Pretty terrifying, honesty. How’s that for some light fucking afternoon tea conversation?

image courtesy of MadMenWiki

But even when Betty receives the good news that she’s out of the woods with a clean bill of health, she manages to twist it into putting herself down as “just fat” .. instead of being clear of fucking cancer. And here’s Henry, intensely relieved that he will get more time with his wife; he truly loves that difficult woman. Time to gain a little more perspective, Bets.

When it comes to Roger, he’s pretty much already been replaced by Pete in most ways (save for the name in the lobby). Despite that reality, he still resents Pete.. and Pete’s Mohawk Airlines lobby antics don’t help that shit. Roger has the inherent natural charms of an account man, whereas it’s a little obvious that Pete has to work a lot harder for it. Just a little kick in the teeth there.

image courtesy of Screenrant

And let’s face it, Roger practically coaxed Pete to step up because he became so goddamned complacent in the first place with Lucky Strike.

“Your plate is full, and, frankly, Mohawk is going to insist on a regular copywriter.
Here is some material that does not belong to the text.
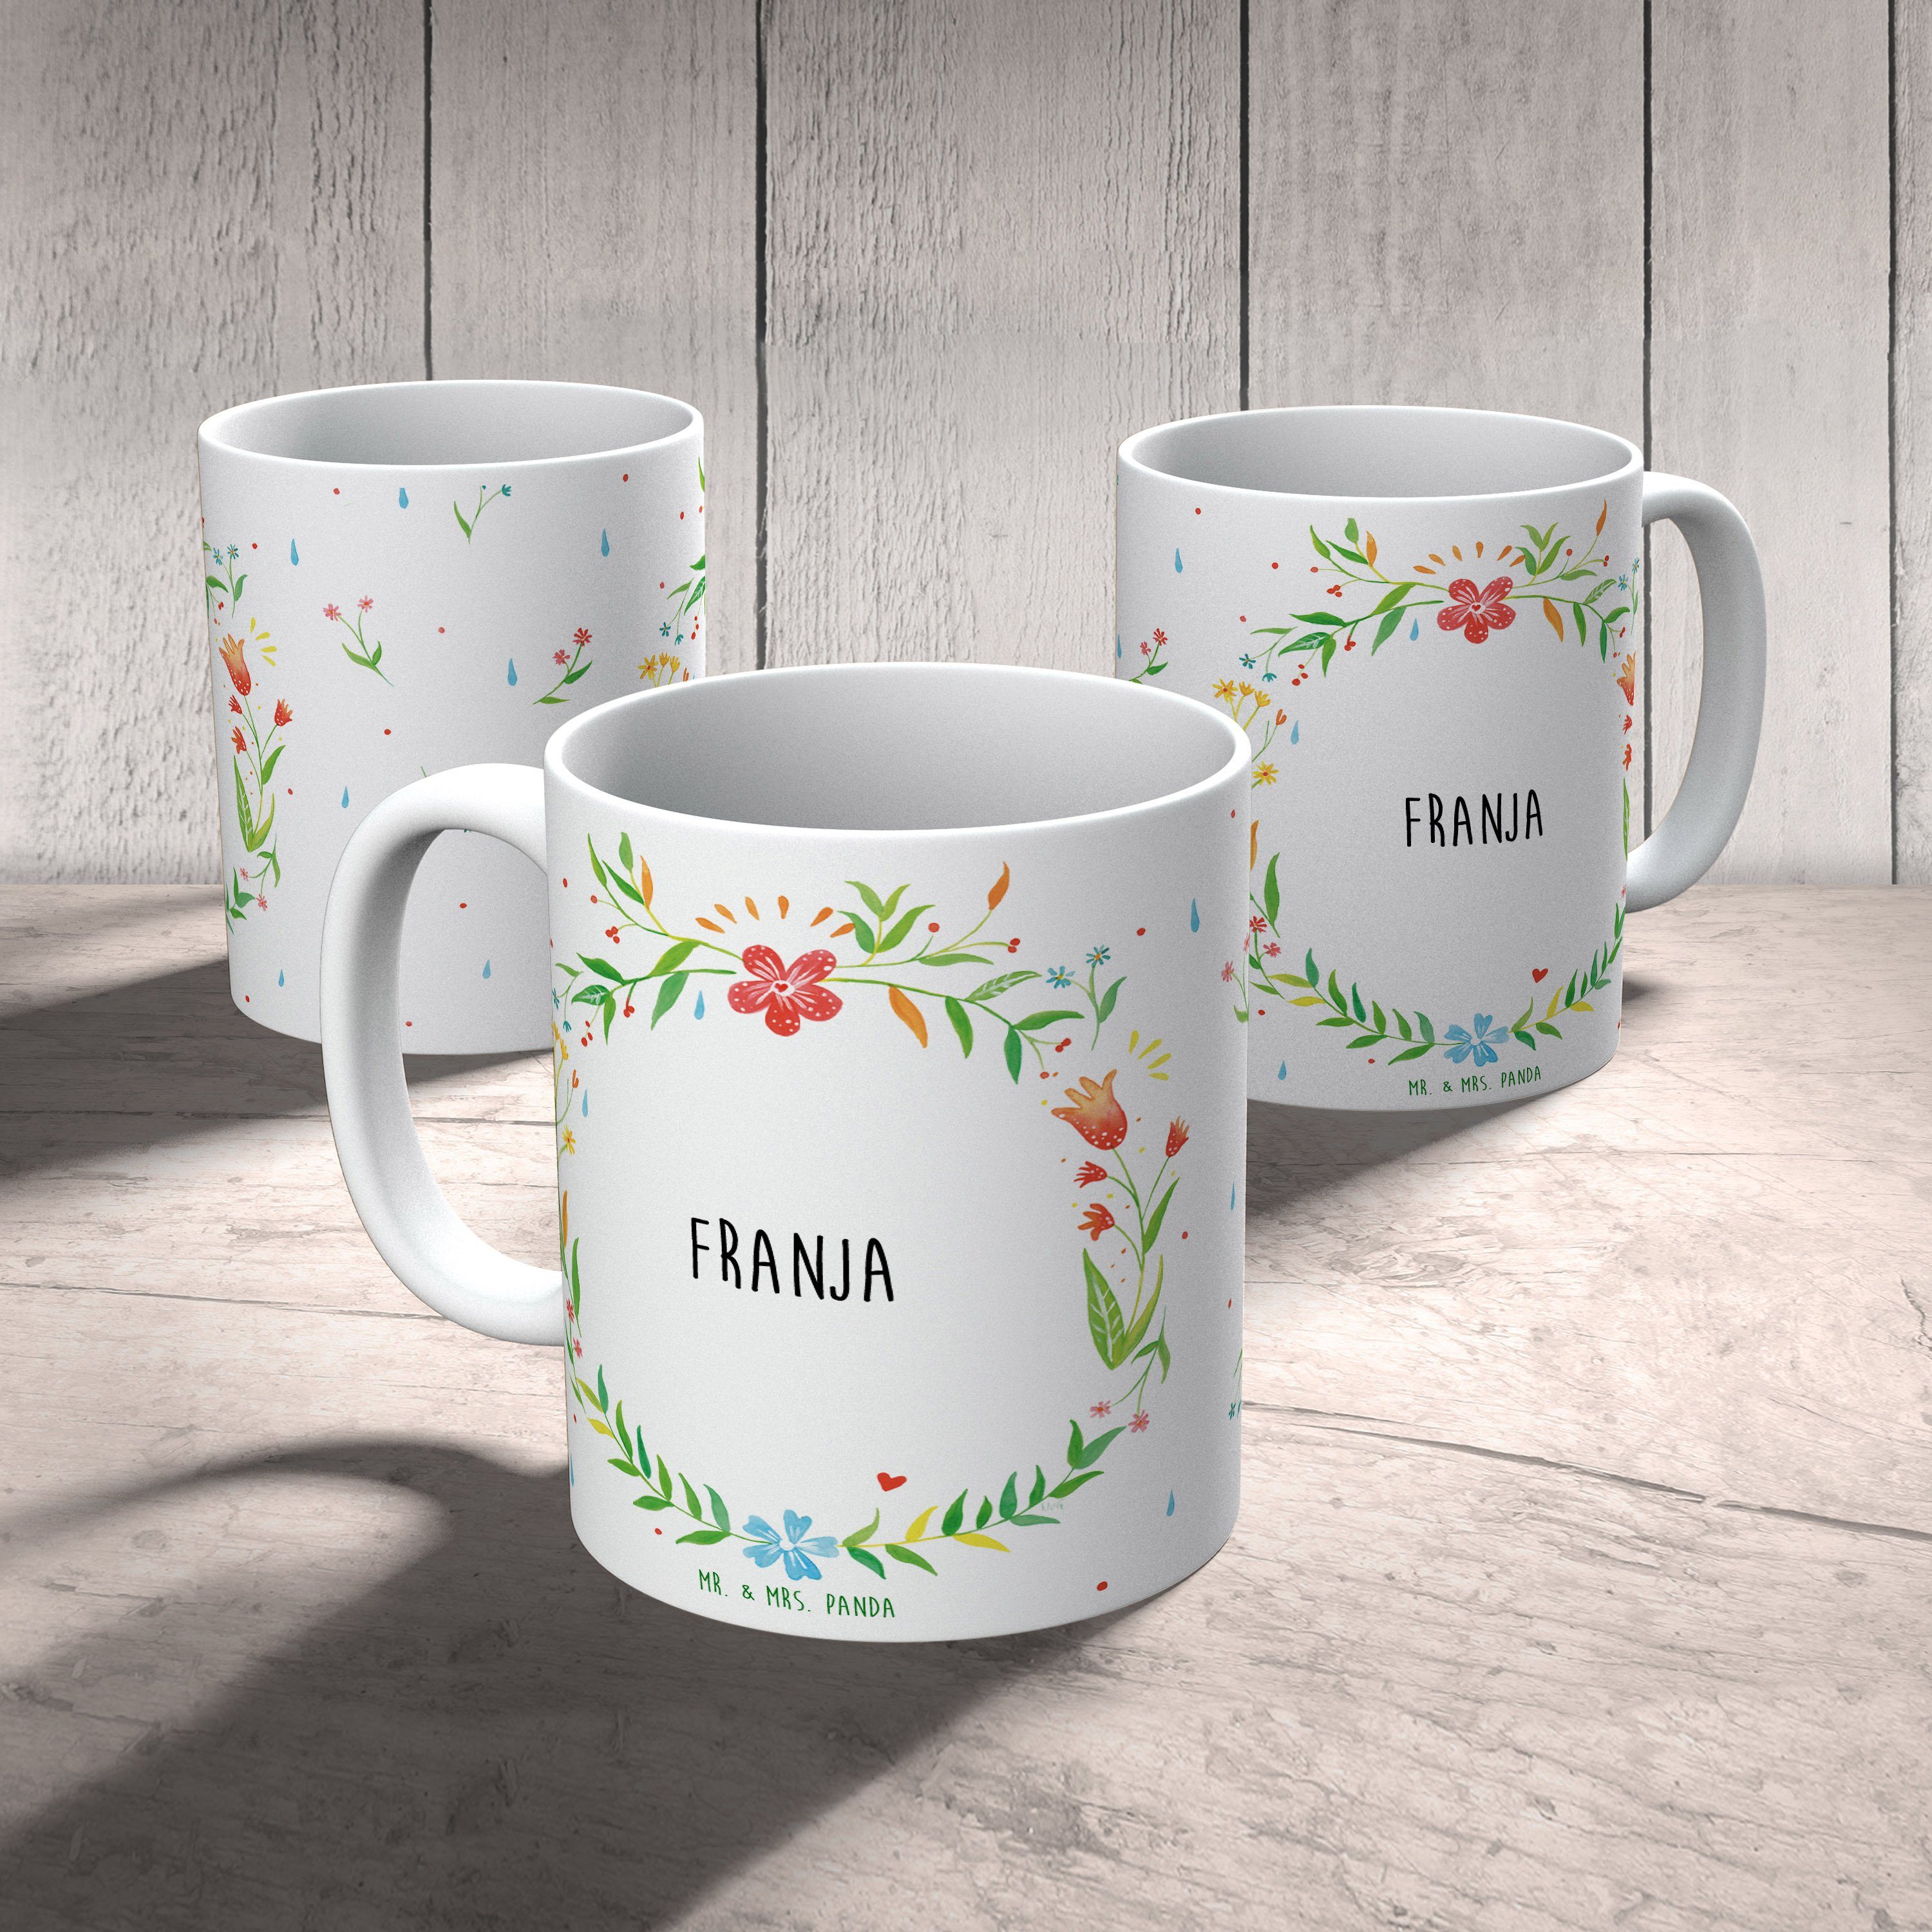 Mr. & Mrs. Panda Keramik Geschenk, Tasse Franja Tasse Kaffeetasse, Kera, Tasse, - Tasse, Motive, Büro

Someone with a penis.”

“..I’ll work on that.”

In a similar vein, Roger pushes Pegs to hire the whacked out Michael Ginsberg (whom Stan prophesies will surpass her in the talent department) mostly due to the fact that he’s a guy, which suits Mohawk’s oldtimey copywriter needs. Though Roger knows that the times are changing, he doesn’t necessarily dig it.

Back in the 1960-set pilot, it was a joke to Roger that the agency might have a Jewish person in a meaningful role– and now in 1966, he acknowledges to Peggy that having a guy like Ginsberg on board “makes the agency more modern”. Ginzo himself is a transitional figure as well, more adapted to the current times; for example, Michael is leagues apart from Rachel Menken’s immigrant father, or even his own father, who reacts to news of his new job by reciting a blessing in Hebrew.

(And suggesting they get hookers, but that’s beside the point..)

No matter which way you slice it, Ginsberg is a talented guy, and Peggy feels good about hiring him because she wants to work with talented people; shit’s inspirational. She saw a little beyond his encyclopedic eccentricities, and his portfolio is one of the only solid ones that were sent in. Mentioning The Letter to Don certainly didn’t hurt his chances at the job.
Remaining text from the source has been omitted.